Discussions about art can be sketchy (pardon the pun)
especially when expectations are high. Over the years I have sat through some
pretty dry and overly intellectual seminars that I thoroughly enjoyed. Last week’s
talk at the ICA was not one of those evenings. Leaving my cave, I succumbed to
the need to prolong post-modern musings in my head and hear about artist,
Barbara Kasten with the specific topic being POMO’s relevance now. I never
understood why the whole era was ditched, virtually overnight. This had a
devastating affect on artists who’d immersed themselves in October Magazine and
couldn’t adapt to becoming Jeff Koons, the best example of an uber-artist, post-POMO.
To stay in fashion, I use his cologne.
The term used next was Neo-Geo. What did it mean?! Debord-like
Situationism and anarchy I can understand, but you take it with a grain of
salt. After a fairly cool decade (90’s) where installation ruled and painting
waned, we find ourselves in an endless epoch (almost 2 decades!) where both
ends of the spectrum flourish. Booming art and auction sales are great for an expanding
pool of blue chip (dead) painters while international Biennales serve the
contemporary, non-objective circuit. Is Alex Katz blue chip? You bet! So, it is
interesting to see anyone at a museum mention the term, (long out of favor) “Post
Modernism.” Today, we say “Blue Chip/Modern and Contemporary.” I touch on this dichotomy
in my hilarious, unpublished novel, WORK
SHY.
Youthful curator, Alex Klein – perfect name for a museum employee
– set the stage for an interesting evening with a brief run-down of the period.

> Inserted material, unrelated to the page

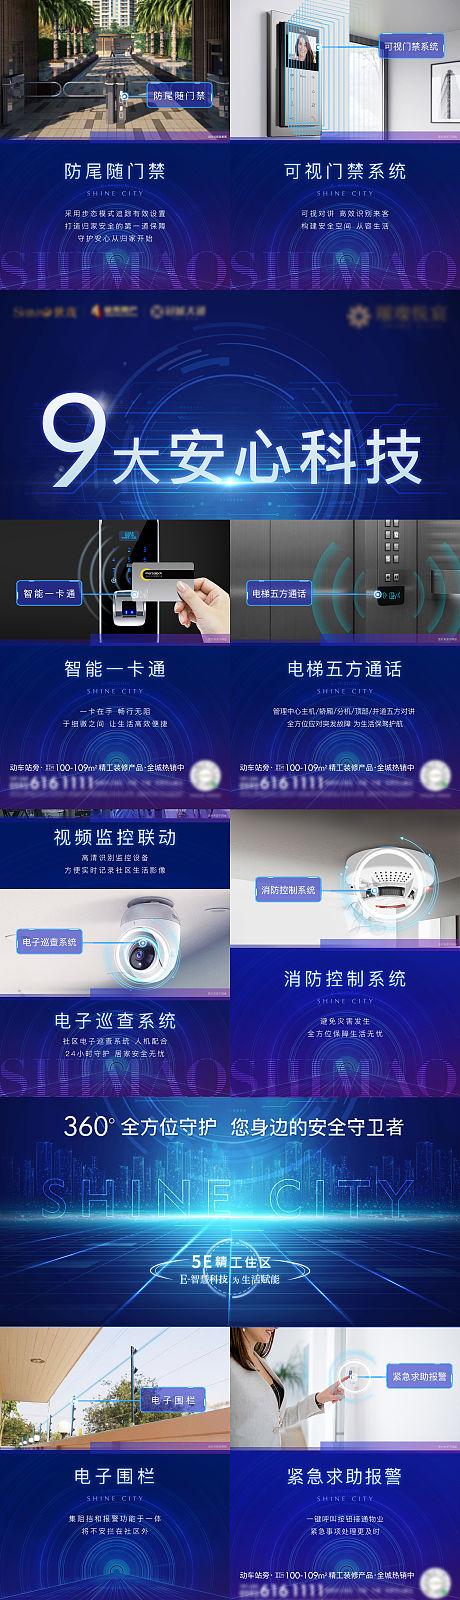 房地产智能化科技四宫格海报-源文件

She even mentioned Blade Runner. The
1982 film is now easy code for POMO and encapsulates the long gap between 1985
and 2015. Why Klein left out our own iconic architects Robert Ventura and his
wife Denis Scott-Brown (the inventors of POMO!) is curious. The two luke-warm artists
showing PowerPoint presentations didn’t improve the situation.
To condense things is
possible. Take one aspect of post modernism imaged by Blade Runner: historical mash-up. My theory is that Philip Dick’s
story Androids Often Dream of Electric
Sheep (published 1968) was the first film (see also Brazil, 1985) to present “now” as futuristic dystopia. This leads
us to time-travelogue. Today, we casually refer to this ubiquitous “time
travel” as if it was a simple state of mind. Or worse, a life-style choice.
This is writer’s, J. G. Ballard’s, “inner space” which describes perfectly our
use of technology to create fantasy worlds instead of flying to real ones in
suspended animation.
Bladerunner came
to represent Steam Punk, year zero. The term was quite rightly put in place
well after the fact. I, myself often pretend to be an Edwardian dandy in futuristic
rock clubs. Both steam, punks and rain surrounded Harrison Ford as he hunted
rogue Replicants. The ICA should note that every film after Bladerunner owes something visually to
director, Ridley Scott if not the writer, Philip K. Dick who barely lived to
see it. These days, the best illustration of our historically mixed condition is
a sad, cheapo satellite dish on the roof of decaying Victorian house.
3 comments:
Speaking of dystopian futures: what's Logan's Run? Soylent Green? THX1138? (or even Fritz Lang's Metropolitan?).
And those of us who identify periods by their economic formations never stopped using post-modern to describe the current moment.
Good movie. I hope Harrison Ford decides to keep his word since the plane crash and make a second Blade Runner. I'm convinced, however, that the first Postmodernists were just as instrumental in creating the Postmodern condition as reacting against it. There are good points and bad points. As for myself, as an artist who paints, I rejoice in the supposed death of Postmodernism - but am cautious about what might replace it. Neo-Geo? Hmmm.... I'm such a fucking savage/dinosaur.
My concentration on Blade Runner purposely discounts the hundreds of science fiction films that preceded it because it is distinct. It can be used as a short cut to understanding the post modern moment which (if you were not there) is easily lost in the profusion of daily information. It also targets the idea of what is human (vs. artificial intelligence) and that is totally topical.